Collection entries
-- Opening Marker --
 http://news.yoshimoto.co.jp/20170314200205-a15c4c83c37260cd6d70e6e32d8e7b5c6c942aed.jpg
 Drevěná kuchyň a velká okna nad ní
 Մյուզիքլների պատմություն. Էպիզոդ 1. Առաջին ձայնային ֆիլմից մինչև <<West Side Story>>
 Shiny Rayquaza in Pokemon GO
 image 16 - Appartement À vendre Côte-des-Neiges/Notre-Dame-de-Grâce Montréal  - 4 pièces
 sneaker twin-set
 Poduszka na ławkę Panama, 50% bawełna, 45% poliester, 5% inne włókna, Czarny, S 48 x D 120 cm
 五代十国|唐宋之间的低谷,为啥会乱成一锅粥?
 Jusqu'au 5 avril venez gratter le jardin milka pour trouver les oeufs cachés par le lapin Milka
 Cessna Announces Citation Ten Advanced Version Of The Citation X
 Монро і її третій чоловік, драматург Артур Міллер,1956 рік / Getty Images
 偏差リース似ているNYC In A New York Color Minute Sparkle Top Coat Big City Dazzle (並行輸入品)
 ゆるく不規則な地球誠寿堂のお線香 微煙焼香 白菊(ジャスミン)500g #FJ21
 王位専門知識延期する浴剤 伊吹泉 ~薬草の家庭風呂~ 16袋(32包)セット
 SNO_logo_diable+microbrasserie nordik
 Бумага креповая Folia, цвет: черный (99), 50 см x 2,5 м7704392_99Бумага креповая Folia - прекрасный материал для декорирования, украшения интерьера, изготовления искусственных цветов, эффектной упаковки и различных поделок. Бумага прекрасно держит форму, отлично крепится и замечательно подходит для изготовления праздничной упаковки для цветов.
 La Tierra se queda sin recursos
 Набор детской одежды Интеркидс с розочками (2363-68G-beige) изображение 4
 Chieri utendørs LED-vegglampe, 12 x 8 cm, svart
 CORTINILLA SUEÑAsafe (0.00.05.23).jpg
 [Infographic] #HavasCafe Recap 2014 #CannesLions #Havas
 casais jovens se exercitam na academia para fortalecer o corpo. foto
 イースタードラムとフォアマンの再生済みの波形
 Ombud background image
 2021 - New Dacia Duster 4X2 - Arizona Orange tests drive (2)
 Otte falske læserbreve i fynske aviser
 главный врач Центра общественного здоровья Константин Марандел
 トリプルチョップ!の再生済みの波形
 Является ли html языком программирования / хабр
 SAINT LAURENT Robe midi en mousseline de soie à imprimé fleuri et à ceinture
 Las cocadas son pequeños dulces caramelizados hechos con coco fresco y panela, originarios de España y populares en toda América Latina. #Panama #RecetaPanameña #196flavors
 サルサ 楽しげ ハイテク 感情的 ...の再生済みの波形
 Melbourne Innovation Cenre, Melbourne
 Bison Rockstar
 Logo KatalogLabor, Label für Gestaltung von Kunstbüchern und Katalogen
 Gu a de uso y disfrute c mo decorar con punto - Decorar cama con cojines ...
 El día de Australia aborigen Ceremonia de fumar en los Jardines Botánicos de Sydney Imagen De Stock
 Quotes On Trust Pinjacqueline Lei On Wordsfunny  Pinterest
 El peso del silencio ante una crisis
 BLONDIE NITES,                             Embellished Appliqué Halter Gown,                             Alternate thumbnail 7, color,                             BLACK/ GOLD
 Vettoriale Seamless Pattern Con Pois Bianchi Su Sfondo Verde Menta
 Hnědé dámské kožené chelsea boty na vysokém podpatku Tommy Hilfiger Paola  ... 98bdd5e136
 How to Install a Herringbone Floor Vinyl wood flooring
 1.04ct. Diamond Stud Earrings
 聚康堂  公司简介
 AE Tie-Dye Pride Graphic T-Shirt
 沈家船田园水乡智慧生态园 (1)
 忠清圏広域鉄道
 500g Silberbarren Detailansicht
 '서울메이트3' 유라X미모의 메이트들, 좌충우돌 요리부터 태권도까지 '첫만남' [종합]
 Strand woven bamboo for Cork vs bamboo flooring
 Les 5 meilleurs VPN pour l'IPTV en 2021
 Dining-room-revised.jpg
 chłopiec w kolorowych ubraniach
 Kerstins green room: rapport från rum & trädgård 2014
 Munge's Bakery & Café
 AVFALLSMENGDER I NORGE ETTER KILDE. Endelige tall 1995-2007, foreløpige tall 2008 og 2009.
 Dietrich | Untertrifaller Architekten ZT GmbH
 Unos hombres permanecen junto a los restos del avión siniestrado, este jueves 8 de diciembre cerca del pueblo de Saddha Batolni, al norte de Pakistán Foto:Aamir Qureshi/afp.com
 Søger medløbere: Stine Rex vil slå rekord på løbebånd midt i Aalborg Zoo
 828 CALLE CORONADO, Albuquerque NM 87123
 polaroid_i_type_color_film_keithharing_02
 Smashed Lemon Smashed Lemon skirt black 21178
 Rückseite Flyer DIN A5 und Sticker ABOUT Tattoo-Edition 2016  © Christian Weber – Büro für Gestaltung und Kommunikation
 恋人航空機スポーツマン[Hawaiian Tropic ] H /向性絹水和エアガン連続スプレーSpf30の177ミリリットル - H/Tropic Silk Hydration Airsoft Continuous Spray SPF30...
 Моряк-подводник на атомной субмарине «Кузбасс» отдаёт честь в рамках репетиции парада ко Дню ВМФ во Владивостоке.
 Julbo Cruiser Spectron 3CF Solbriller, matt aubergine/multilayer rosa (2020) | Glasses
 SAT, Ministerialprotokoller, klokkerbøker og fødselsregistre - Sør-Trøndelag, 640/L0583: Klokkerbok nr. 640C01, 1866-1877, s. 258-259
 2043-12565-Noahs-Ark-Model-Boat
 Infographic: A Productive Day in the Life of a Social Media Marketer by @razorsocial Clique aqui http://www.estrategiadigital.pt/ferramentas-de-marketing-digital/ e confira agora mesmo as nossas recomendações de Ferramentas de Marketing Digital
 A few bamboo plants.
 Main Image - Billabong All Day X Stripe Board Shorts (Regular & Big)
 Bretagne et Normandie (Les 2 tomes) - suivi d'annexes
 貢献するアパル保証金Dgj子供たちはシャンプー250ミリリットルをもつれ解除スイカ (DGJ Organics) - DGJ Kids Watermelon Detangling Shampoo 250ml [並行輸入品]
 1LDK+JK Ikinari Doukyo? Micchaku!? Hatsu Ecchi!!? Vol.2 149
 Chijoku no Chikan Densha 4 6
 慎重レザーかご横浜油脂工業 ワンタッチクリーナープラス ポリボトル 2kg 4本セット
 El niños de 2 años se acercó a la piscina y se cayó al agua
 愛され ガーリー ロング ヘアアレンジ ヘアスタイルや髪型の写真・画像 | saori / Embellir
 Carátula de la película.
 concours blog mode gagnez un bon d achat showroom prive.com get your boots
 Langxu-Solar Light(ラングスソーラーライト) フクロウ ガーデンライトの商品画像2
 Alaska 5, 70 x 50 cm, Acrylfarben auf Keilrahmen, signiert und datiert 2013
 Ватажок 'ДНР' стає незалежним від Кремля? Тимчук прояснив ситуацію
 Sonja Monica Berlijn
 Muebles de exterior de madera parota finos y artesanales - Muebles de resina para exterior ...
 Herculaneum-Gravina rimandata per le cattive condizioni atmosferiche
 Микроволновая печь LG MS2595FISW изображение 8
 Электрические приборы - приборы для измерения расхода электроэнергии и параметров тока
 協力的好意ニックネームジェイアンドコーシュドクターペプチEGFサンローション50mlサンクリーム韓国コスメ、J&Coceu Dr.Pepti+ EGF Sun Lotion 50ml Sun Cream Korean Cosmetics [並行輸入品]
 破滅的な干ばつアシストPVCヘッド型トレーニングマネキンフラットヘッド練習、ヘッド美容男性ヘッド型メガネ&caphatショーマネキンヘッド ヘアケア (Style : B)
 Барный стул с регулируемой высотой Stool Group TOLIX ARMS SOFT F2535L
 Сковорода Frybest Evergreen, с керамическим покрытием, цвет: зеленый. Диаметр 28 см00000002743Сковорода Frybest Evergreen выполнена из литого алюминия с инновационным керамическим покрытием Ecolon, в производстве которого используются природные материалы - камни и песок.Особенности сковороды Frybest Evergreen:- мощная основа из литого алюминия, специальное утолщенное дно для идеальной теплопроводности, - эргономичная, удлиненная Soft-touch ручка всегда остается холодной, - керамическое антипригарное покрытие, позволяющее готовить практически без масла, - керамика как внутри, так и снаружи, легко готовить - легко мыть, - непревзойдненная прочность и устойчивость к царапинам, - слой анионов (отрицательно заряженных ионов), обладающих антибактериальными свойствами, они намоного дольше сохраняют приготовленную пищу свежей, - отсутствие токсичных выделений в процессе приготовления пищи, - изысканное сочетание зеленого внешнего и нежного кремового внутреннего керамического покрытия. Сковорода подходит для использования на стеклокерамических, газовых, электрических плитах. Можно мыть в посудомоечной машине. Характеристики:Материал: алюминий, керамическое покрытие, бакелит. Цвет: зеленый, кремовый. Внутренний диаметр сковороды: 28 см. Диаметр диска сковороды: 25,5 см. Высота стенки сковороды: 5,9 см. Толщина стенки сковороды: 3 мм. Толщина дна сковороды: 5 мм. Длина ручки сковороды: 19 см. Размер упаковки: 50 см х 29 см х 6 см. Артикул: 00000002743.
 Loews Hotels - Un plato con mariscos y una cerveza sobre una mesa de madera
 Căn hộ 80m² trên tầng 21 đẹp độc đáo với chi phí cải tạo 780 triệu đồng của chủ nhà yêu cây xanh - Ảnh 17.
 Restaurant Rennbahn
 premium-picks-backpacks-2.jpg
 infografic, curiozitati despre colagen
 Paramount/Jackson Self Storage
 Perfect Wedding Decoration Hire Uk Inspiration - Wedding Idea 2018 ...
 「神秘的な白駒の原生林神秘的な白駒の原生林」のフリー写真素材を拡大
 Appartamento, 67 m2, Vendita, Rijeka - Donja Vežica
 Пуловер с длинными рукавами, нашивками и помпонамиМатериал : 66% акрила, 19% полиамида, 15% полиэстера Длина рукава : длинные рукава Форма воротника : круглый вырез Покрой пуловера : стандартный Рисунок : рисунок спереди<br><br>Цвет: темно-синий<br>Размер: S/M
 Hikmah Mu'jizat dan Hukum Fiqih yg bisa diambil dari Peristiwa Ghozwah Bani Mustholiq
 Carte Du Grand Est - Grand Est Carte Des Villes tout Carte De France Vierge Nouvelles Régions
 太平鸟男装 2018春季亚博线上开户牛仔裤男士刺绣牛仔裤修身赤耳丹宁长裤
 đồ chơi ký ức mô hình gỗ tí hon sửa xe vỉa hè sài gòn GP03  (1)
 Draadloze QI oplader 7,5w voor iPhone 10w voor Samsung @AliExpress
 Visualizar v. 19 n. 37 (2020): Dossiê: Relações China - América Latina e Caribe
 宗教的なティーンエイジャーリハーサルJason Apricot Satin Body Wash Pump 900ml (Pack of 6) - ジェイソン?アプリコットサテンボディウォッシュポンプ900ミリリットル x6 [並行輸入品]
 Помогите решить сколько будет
-- Closing Marker --
[Your instructions] Start with the line above that contains "Chijoku no Chikan Densha 4 6" and end with the line that contains "Alaska 5, 70". Write out those lines exactly, and only those.

[Written response]
 Chijoku no Chikan Densha 4 6
 慎重レザーかご横浜油脂工業 ワンタッチクリーナープラス ポリボトル 2kg 4本セット
 El niños de 2 años se acercó a la piscina y se cayó al agua
 愛され ガーリー ロング ヘアアレンジ ヘアスタイルや髪型の写真・画像 | saori / Embellir
 Carátula de la película.
 concours blog mode gagnez un bon d achat showroom prive.com get your boots
 Langxu-Solar Light(ラングスソーラーライト) フクロウ ガーデンライトの商品画像2
 Alaska 5, 70 x 50 cm, Acrylfarben auf Keilrahmen, signiert und datiert 2013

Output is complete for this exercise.